DATA EXTRACTS START
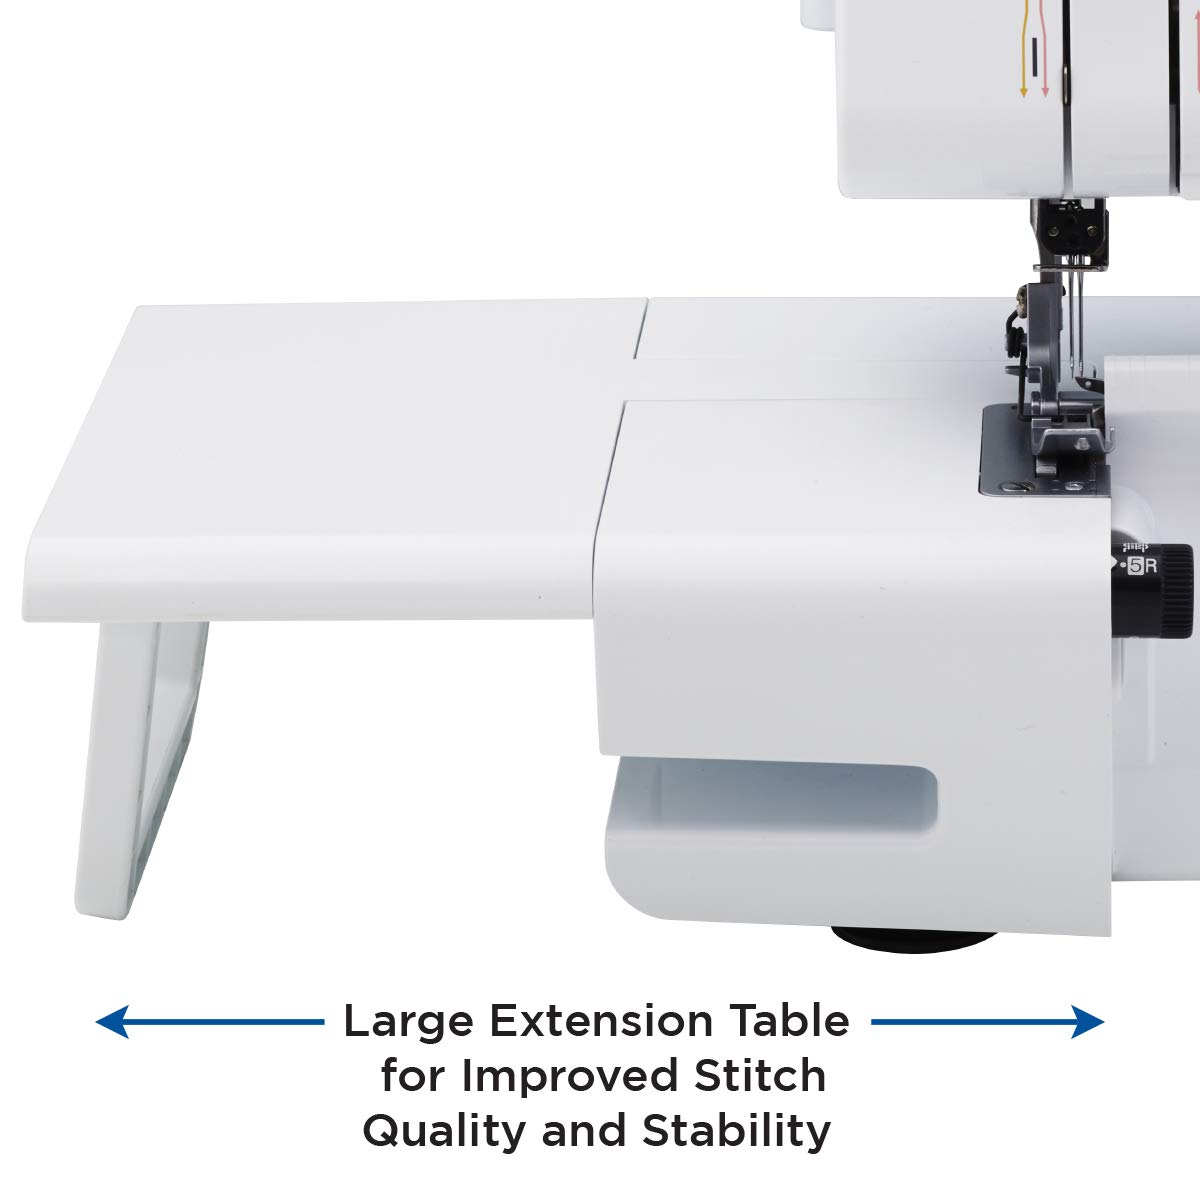 Brother ST4031HD Serger, Strong & Tough Serger, 1,300 Stitches Per Minute, Durable Metal Frame Overlock Machine, Large Extension Table, 3 Included Accessory Feet
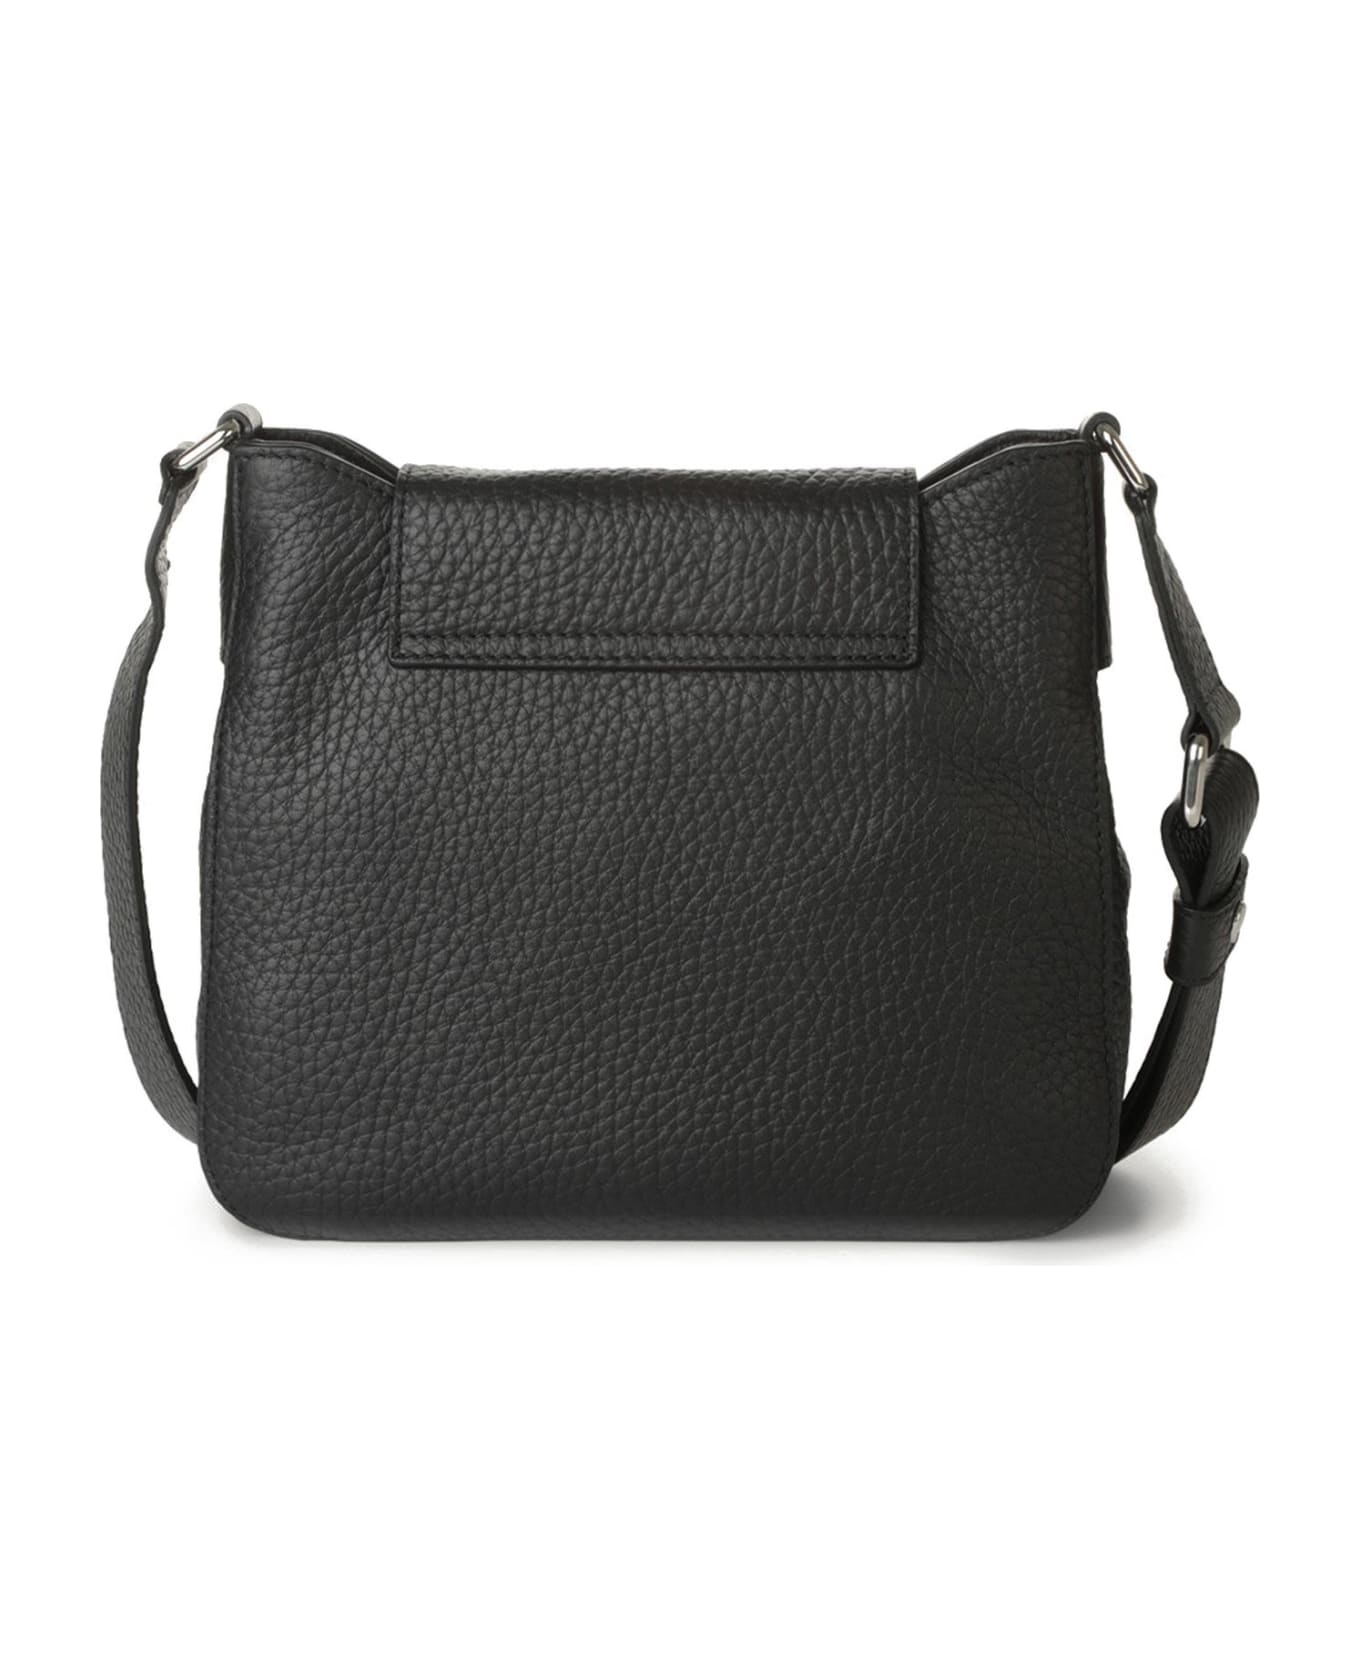 Orciani Dama Soft Midi Bag In Leather With Shoulder Strap - NERO ショルダーバッグ
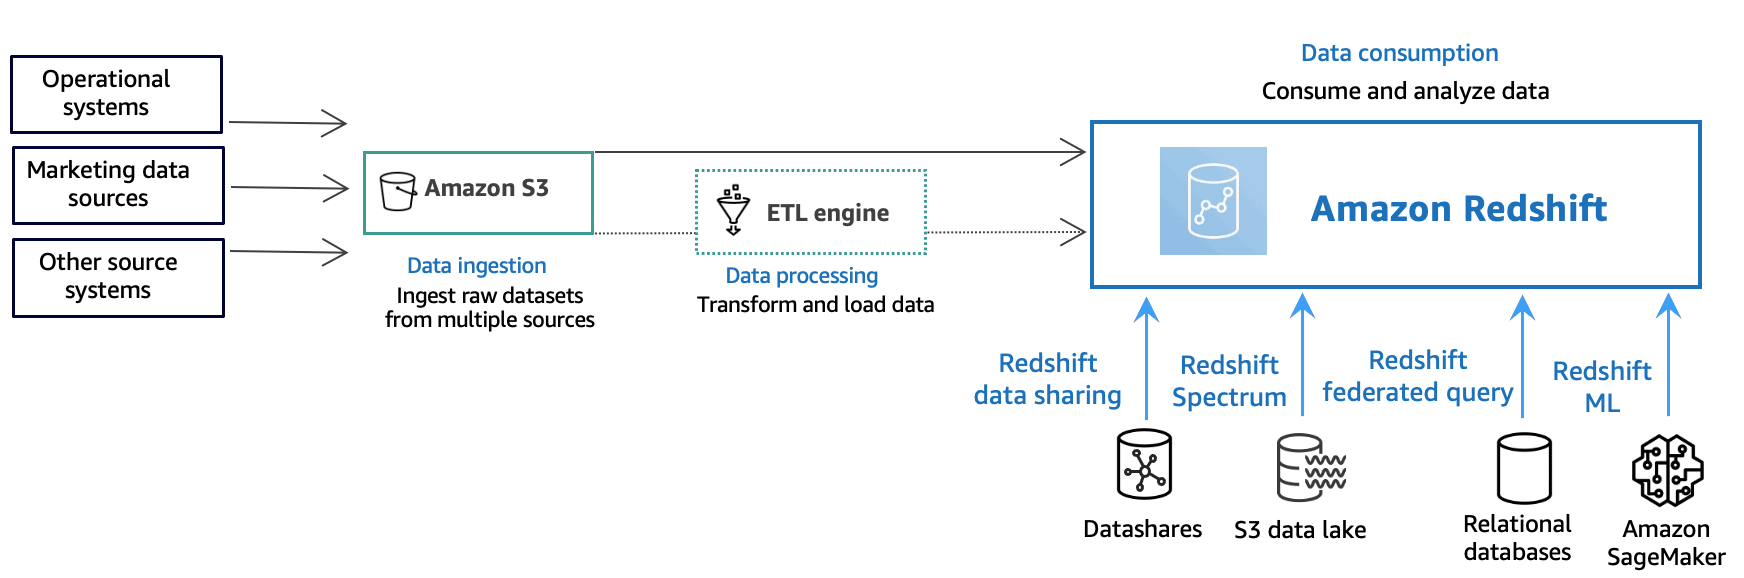 Amazon Redshift Processing Flow
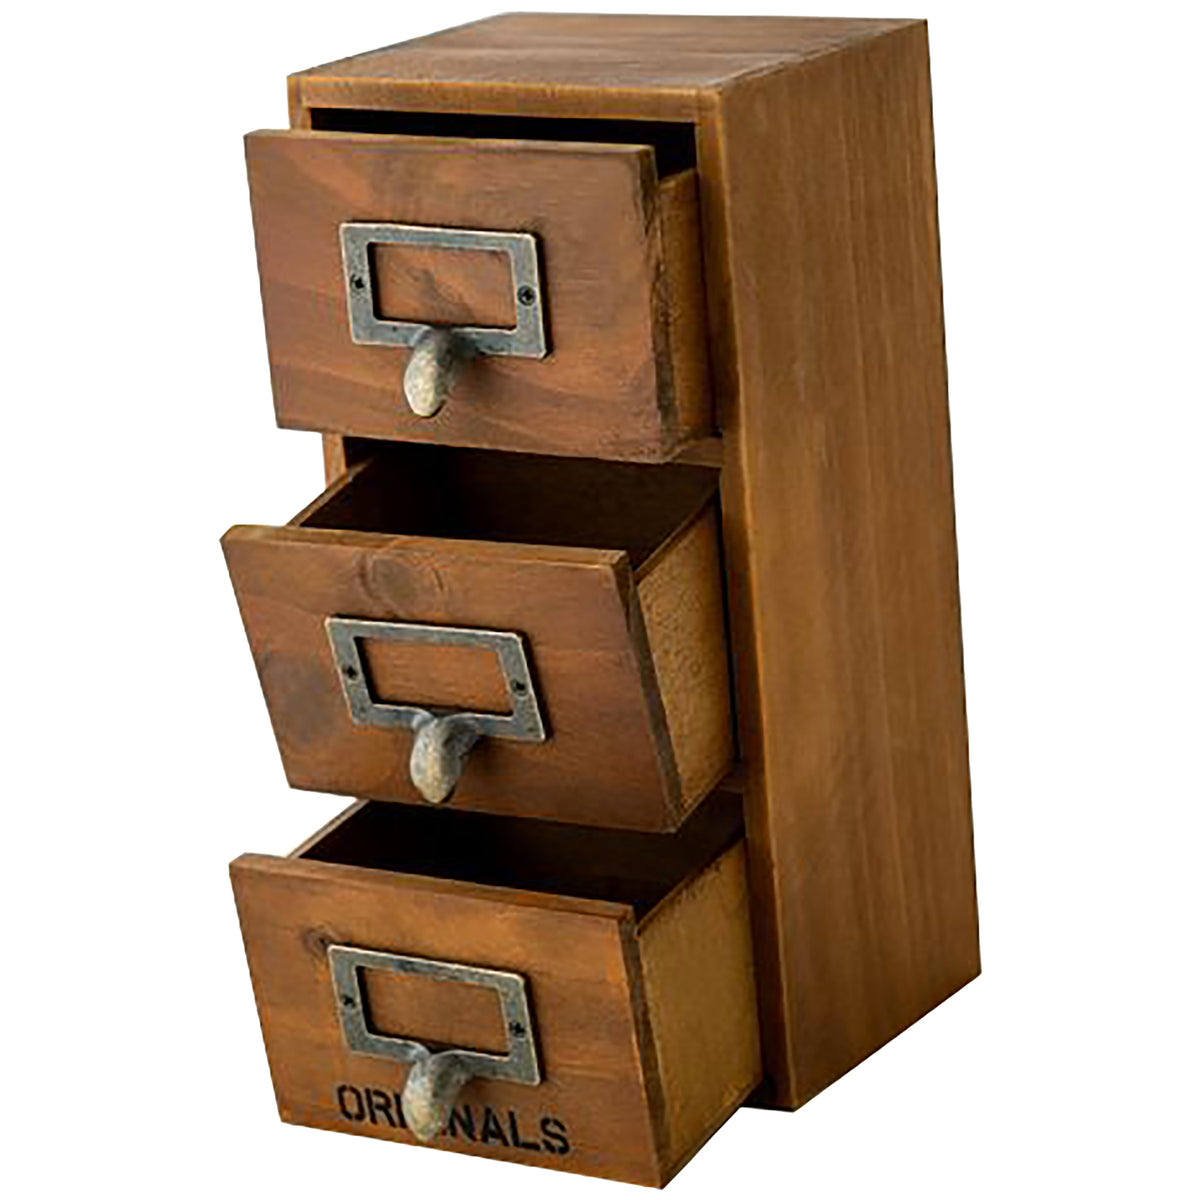 2-Drawer Mini Multi-level Desktop Storage Shelf  Small Tabletop Chest –  Primo Supply l Curated Problem Solving Products
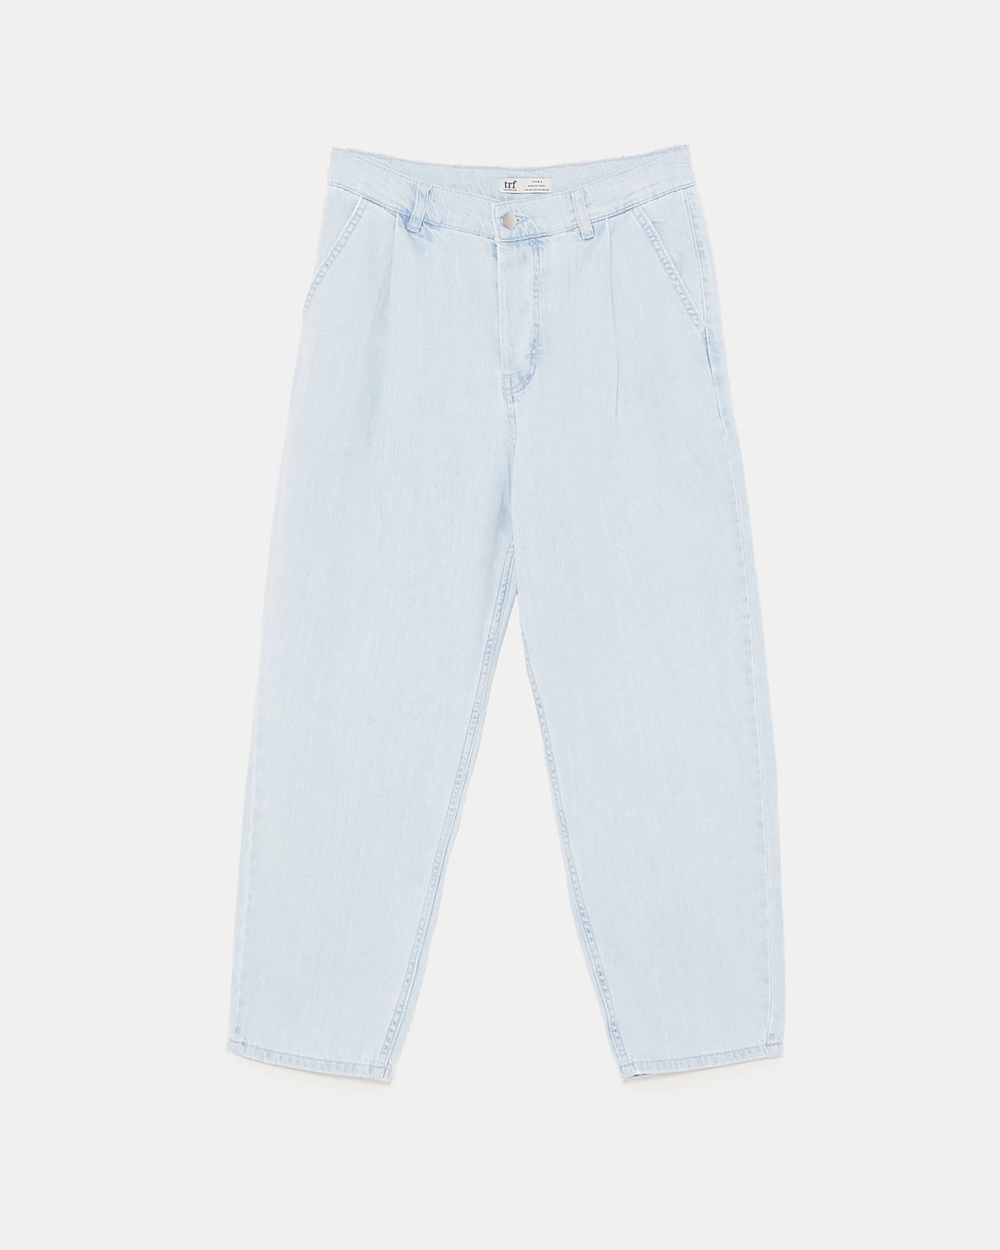 Darted jeans, from $70 from Zara
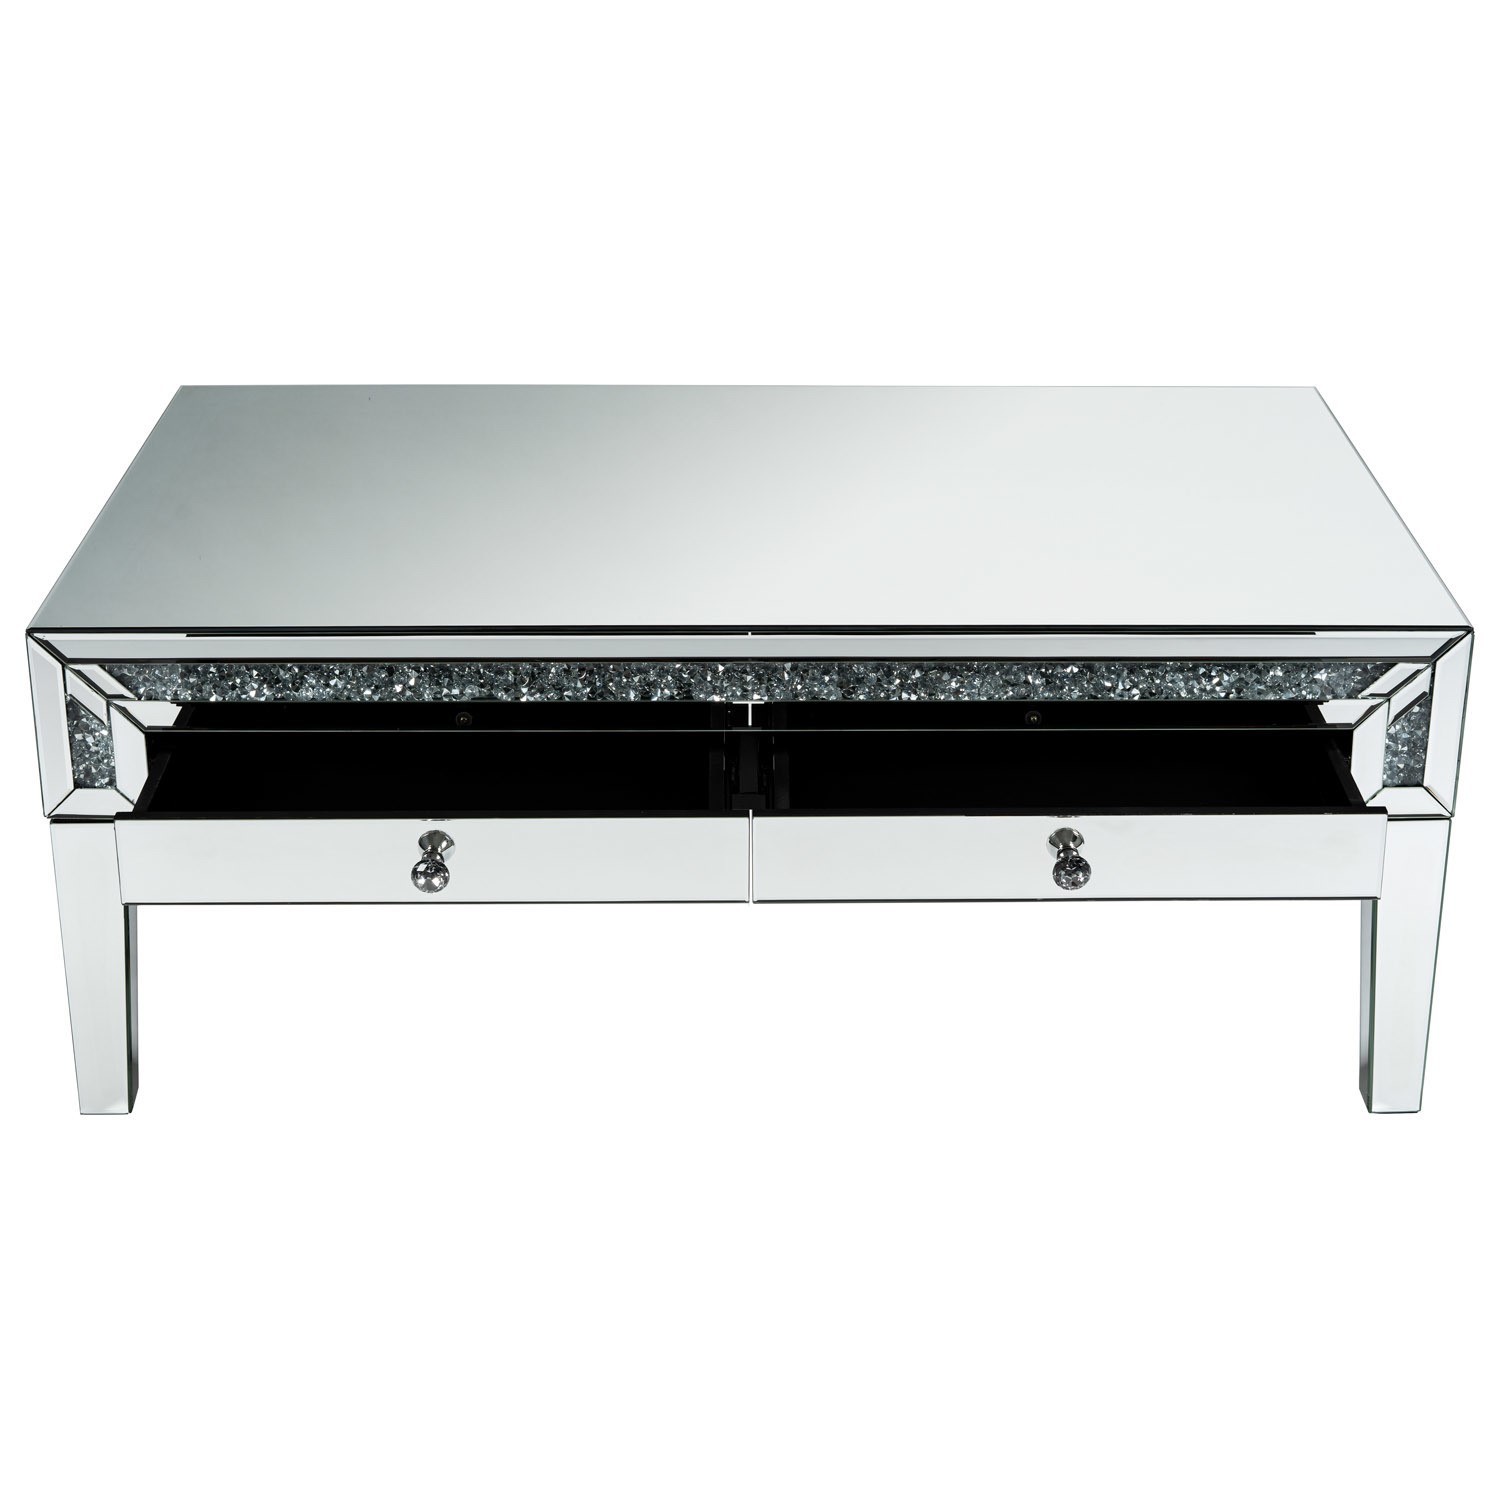 Mirrored Coffee Table With Drawers, Oversized Mirrored Coffee Table
DATA EXTRACTS END
→ **WHAT IS BEING ASKED**: Every line from the one holding "2-Drawer Mini Multi-level" through the last line of the entries above, and nothing else, is to be restated word for word. Pictures stay out.

→ **RESULT OF THE EXERCISE**:
 2-Drawer Mini Multi-level Desktop Storage Shelf  Small Tabletop Chest –  Primo Supply l Curated Problem Solving Products
 Darted jeans, from $70 from Zara
 Mirrored Coffee Table With Drawers, Oversized Mirrored Coffee Table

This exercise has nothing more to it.